This is my bi-centennial post, so I thought that I would just take a couple of minutes to look back over my last eighteen months of twaddle. It would have been a ‘Greatest Hits’, but you know how easy it is to find yourself being sued these days.
According to WordPress my average post takes about four minutes to read, so it would seem that I currently manage to find approximately eight minutes-worth of stuff to moan about per ten thousand and eighty minutes available to me each week. (That must say something, but I’m not sure what.) I have decided not to fill this particular four minutes – which, according to my dodgy memory, is about a minute more than the warning that we would have got that the Russians were coming in the seventies – with amusing clips from my back catalogue (sic) but I have, instead, included a lot of links that I would love you to follow if you have any vacant four minute time slots to fill.
I made my first post (Mission Statement) in November 2018 and, by and large, I think I have stuck to the plan: a blog, not about actually getting older, but about life, written from the viewpoint of someone who is getting older. The (lack of) style has changed a bit along the way, but the general gist remains the same: to poke old-age in the ribs and entice it to chase you through a devilish maze filled with fake dog-dirt and clowns in the hope that it just might get bored and wonder off to bother somebody else instead. My third post (Fat) is remarkably representative of everything that has followed. By the fourth week, like everybody else, I had stumbled head first into Brexit which, as you would expect, poked up its repulsive little head like a neurotic meerkat, for many months thereafter. In March 2019 I started to publish twice a week, in the obvious misapprehension that you could not get enough of me and not too long after that I stumbled headlong into three whinges a week. I have published hobby guides, parodies (Sherlock Holmes, James Bond, Winnie-the-Pooh etc etc), some little fictions of my own (The Custodian of Time is probably my favourite of those, simply because Calmgrove liked it, but I also liked some of the ‘specials‘) and some poems, for which I can only apologise. In the main, though, I have merely talked about me – and I realise how vain that must sound, but it is the only reference point I have (I think I may have set the tone with Hypochondria in January 2019) and by far my most read piece, Making Up For Lost Time – I wish I knew why – was published in September of last year – since which I thought I was getting better. As an anchor point, I do realise that it is set upon somewhat shifting sands, but I am pretty steadfast, although wobbly. The way I write relies upon me giving bits and pieces away along the way, but I try to hold back on opinion. I feel that, if my opinion is to have any value, then I have to have a rational argument to back it up. Rational argument requires education and knowledge – and I’ve just found a bag of my old school reports in the attic, so I’ll leave my opinions up there with those. The thing about any one opinion is that it is incapable of changing any other. If you don’t like it, you hit the ‘Off’ button. Mostly this blog is about what I don’t know. I suppose the whole thing could just as easily be titled ‘Is it me?’

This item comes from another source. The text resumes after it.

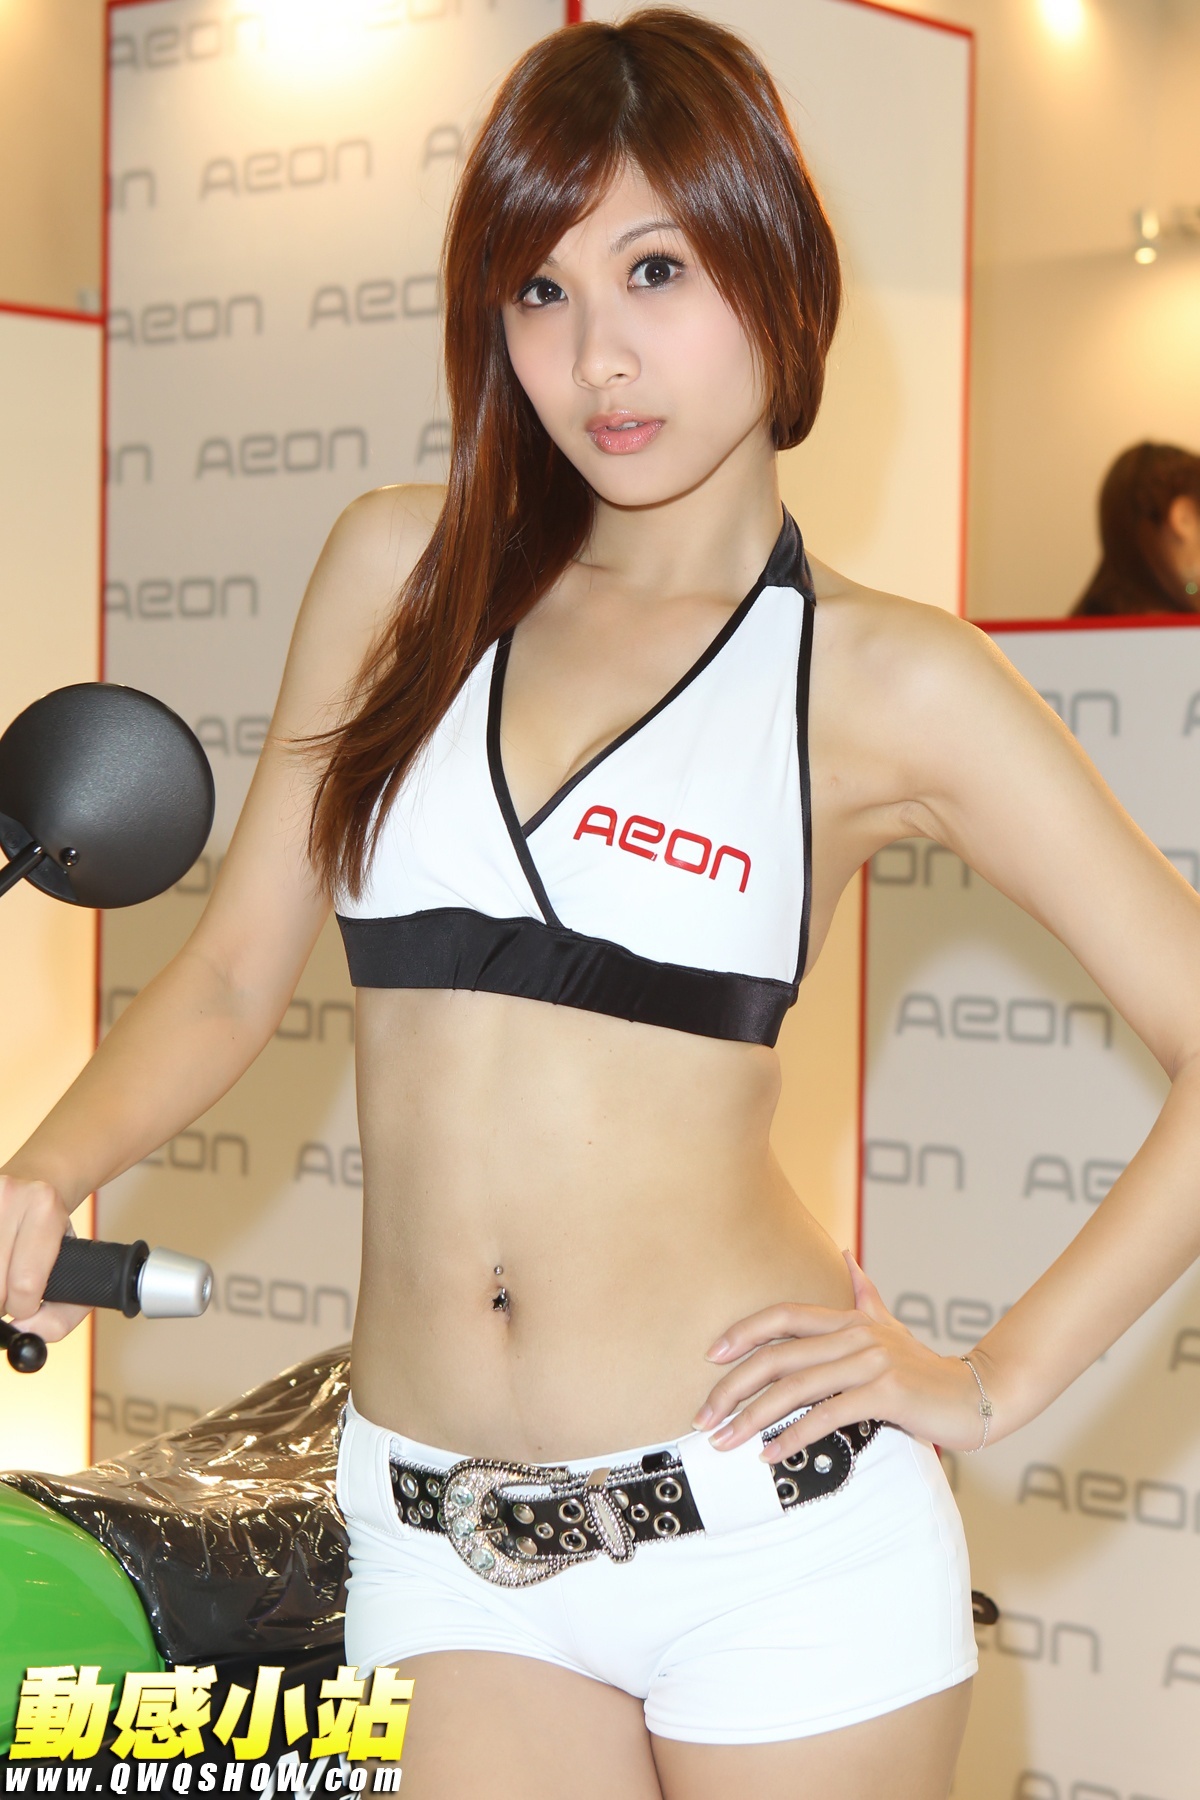 A set of pictures of aeon hot girls dance in locomotive show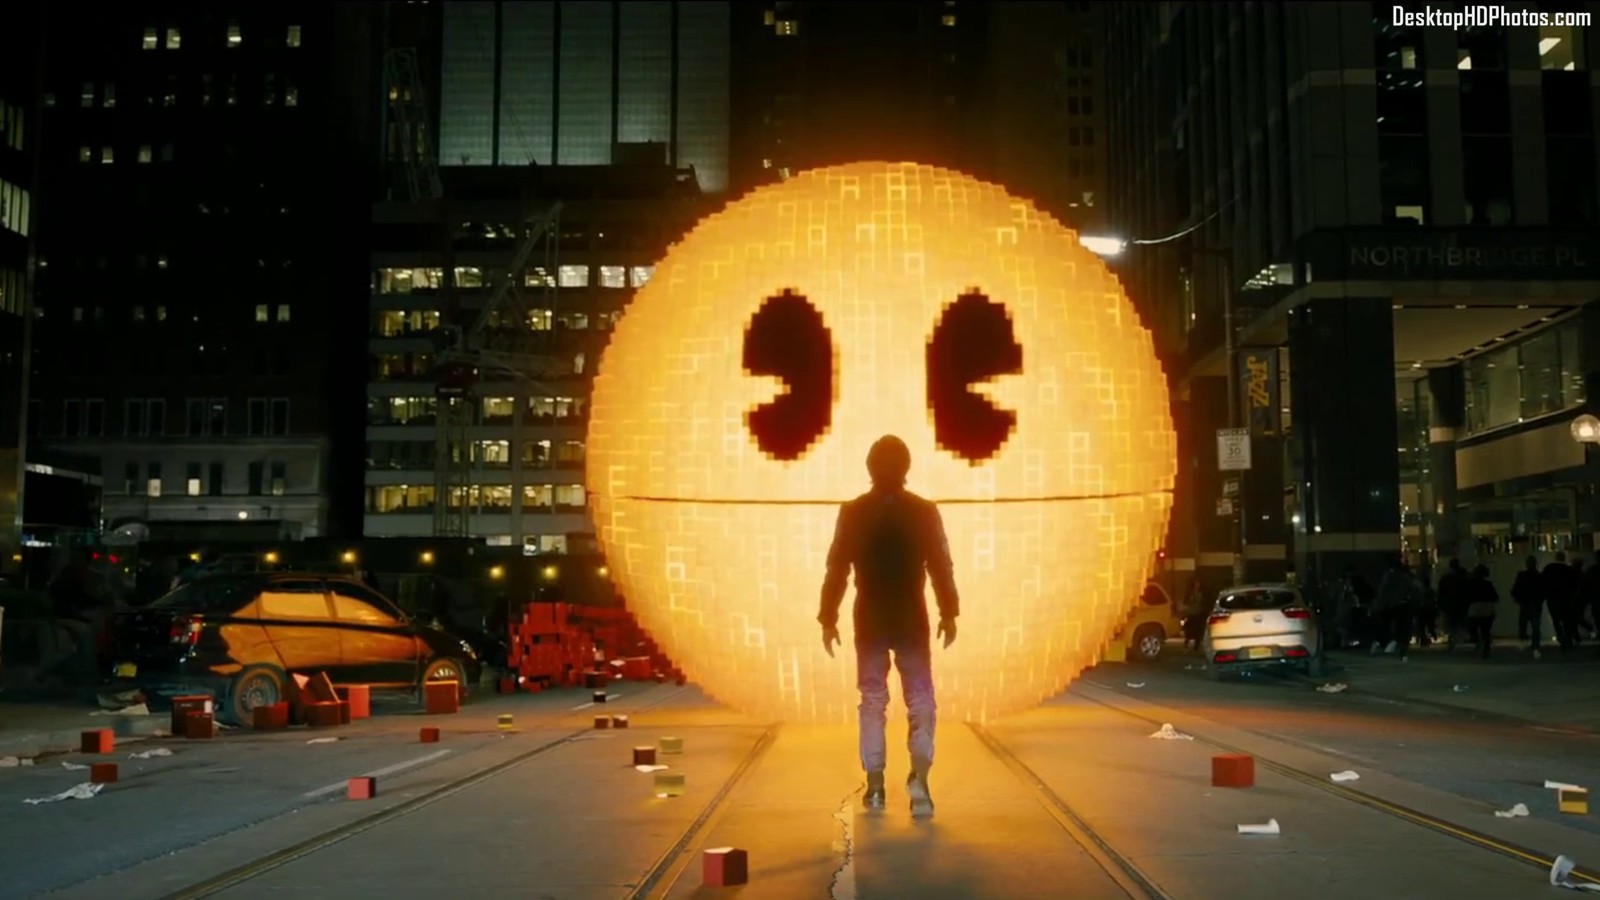 PIXELS Features A Script With Too Many Design Flaws

Latterly I have returned to posting twice a week, having found that posting three times a week had started to dominate my life – these things don’t come easily to me (hard to believe, I know, but I do work on them) and a large chunk of what I have written recently has, of course, involved Coronavirus which I appear to have first mentioned in February this year. In Lockdown, my blog has become something of a plague diary. I refuse to get dragged down by the bloody thing. It might just take me away at some future time, but if it does it will have plenty to deal with; I can kick and scream with the best of them. I will leave it to others much more able to discuss the politics of the situation; I just want to know why every time I try and get a grocery delivery slot, my computer assumes I want to order three gross of wagon Wheels and a tin of water chestnuts.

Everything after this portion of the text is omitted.